El día de hoy se nos recuerda, una vez más, la Divinidad de Jesucristo Nuestro Señor.

Se transfiguro frente algunos de sus apóstoles, quienes fueron testigos de la Gloria de Dios y de, dos de sus amigos más cercanos, Moisés y Elías.

La belleza de esta escena inspira a San Pedro a sugerir que construyeran tres pabellones, evidentemente porque quería permanecer más tiempo en ese lugar. Luego entonces, escucharon la voz de Dios Padre y cayeron postrados sobre la tierra, por temor.

Esta es la gloria de Dios que le espera a todos los que aman a Jesucristo. Así como se manifiesta la inmensa gloria de Dios para nosotros, de igual manera caeremos postrados como lo hicieron los apóstoles, por temor al conocer nuestras debilidades y pobreza. Nuestra naturaleza humana, debilitada por el pecado es incapaz de apreciar la belleza de Dios, sin alguna gracia especial.

De esta manera Dios, en su inmensa misericordia por nosotros, permanece oculto para que no muramos ante su presencia cara a cara, de la misma manera como ocultó todo su esplendor y gloria ante los apóstoles, una vez más.

Tenemos a Jesucristo Nuestro Señor, oculto ante nuestra mirada, en el Santísimo Sacramento del altar, a menos que huyamos de Su presencia por temor. Dios esta tan determinado a que nos unamos a Él y al ver que somos tan incapaces de lograr esto por nosotros mismos, se ha rebajado a nuestro nivel. Permanece oculto ante el orgulloso y poderoso en este mundo y encuentra gran consuelo y regocijo al mostrarse ante el humilde y sencillo de corazón.
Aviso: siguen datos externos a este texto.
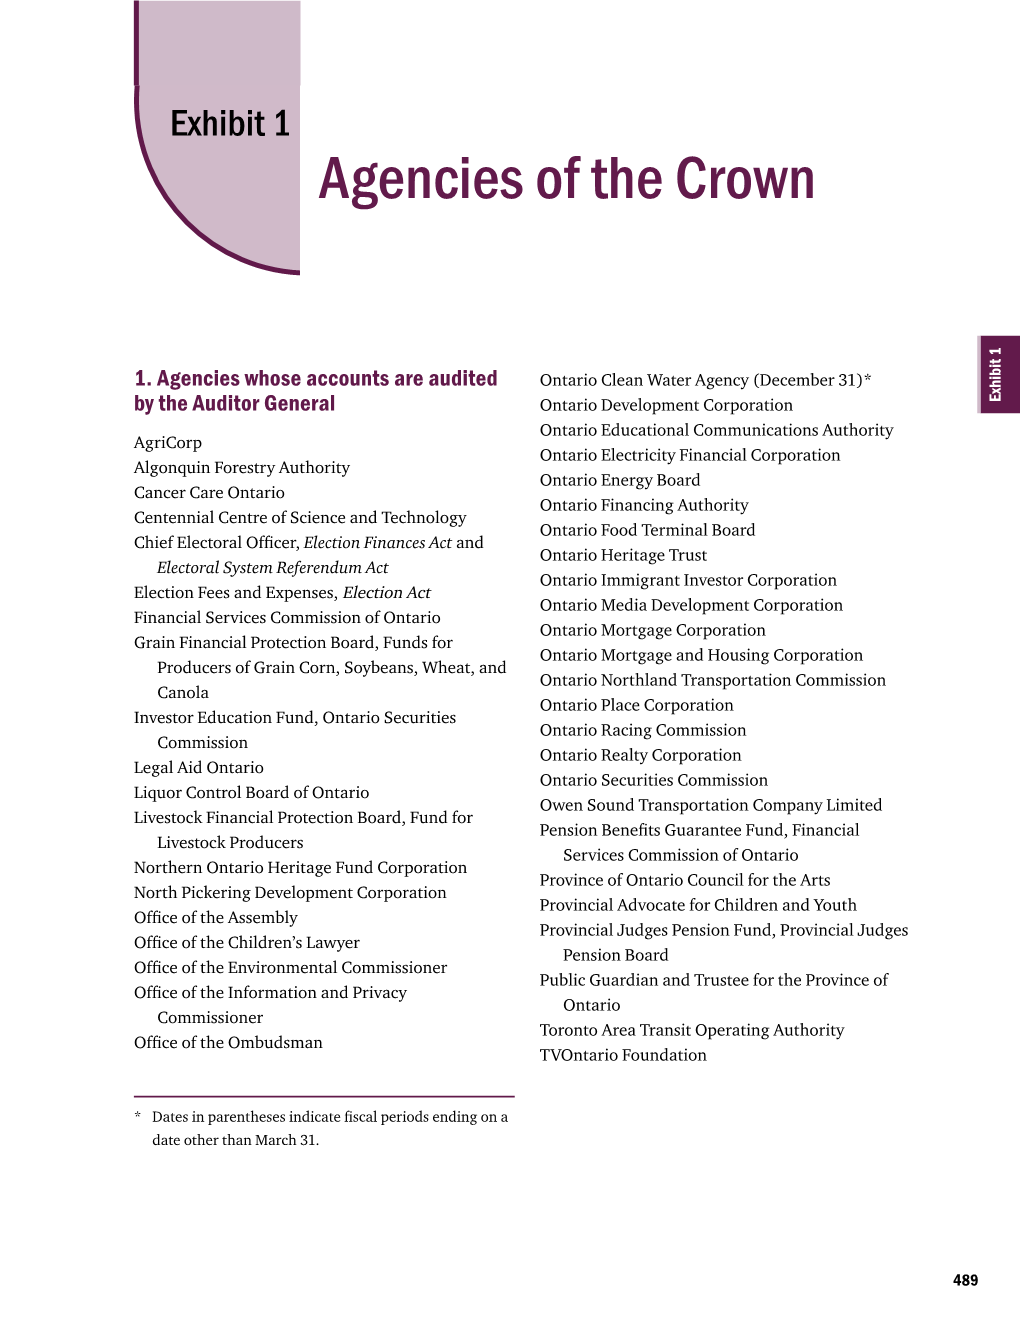 Exhibit 1: Agencies of the Crown (Pdf 114Kb)

Luego entonces, debemos ver con los ojos de la fe. Es en la total confianza en Dios que podemos llegar a Él y con gran esperanza que podemos esperar verlo cara a cara y no ser aniquilados en el proceso. Pero sobre todo debe ser por amor a Él.

La transfiguración, nos ha sido relatada nuevamente para permanecer esta gloriosa esperanza viva en nuestra alma, para darnos una mayor fe y amor, para que tengamos la fuerza y el valor para cargar nuestras cruces y sufrimientos en esta vida, de una manera más digna.

San Pablo nos señala en la epístola de hoy, como lograr esto. Dios quiere nuestra santificación absteniéndonos de la fornicación. Debemos aprender a mantener nuestros cuerpos en santificación y honor y no es pasiones desordenadas ni lujuriosas, como quienes no conocen a Dios.

En nuestros negocios debemos ser honestos sin reservas. ¿Por qué? Porque Dios es el justo vengador de todas estas cosas. Dios no nos ha llamado a las impurezas sino a unirnos a la santificación de Nuestro Señor Jesucristo.

Al disciplinarnos, nosotros mismos, en estas dos áreas, permitimos a la gracia de Dios limpiar y santificar nuestra alma de manera efectiva. Aquí es donde inicia nuestra pureza y unión cada vez más próxima y cercana a Dios.

Conforme esta santificación transforma nuestra mente, corazón y alma, el manto que cubre nuestra cara es poco a poco removido, permitiendo con gran privilegio ver la gloria de Dios, sin ser golpeados mortalmente por temor.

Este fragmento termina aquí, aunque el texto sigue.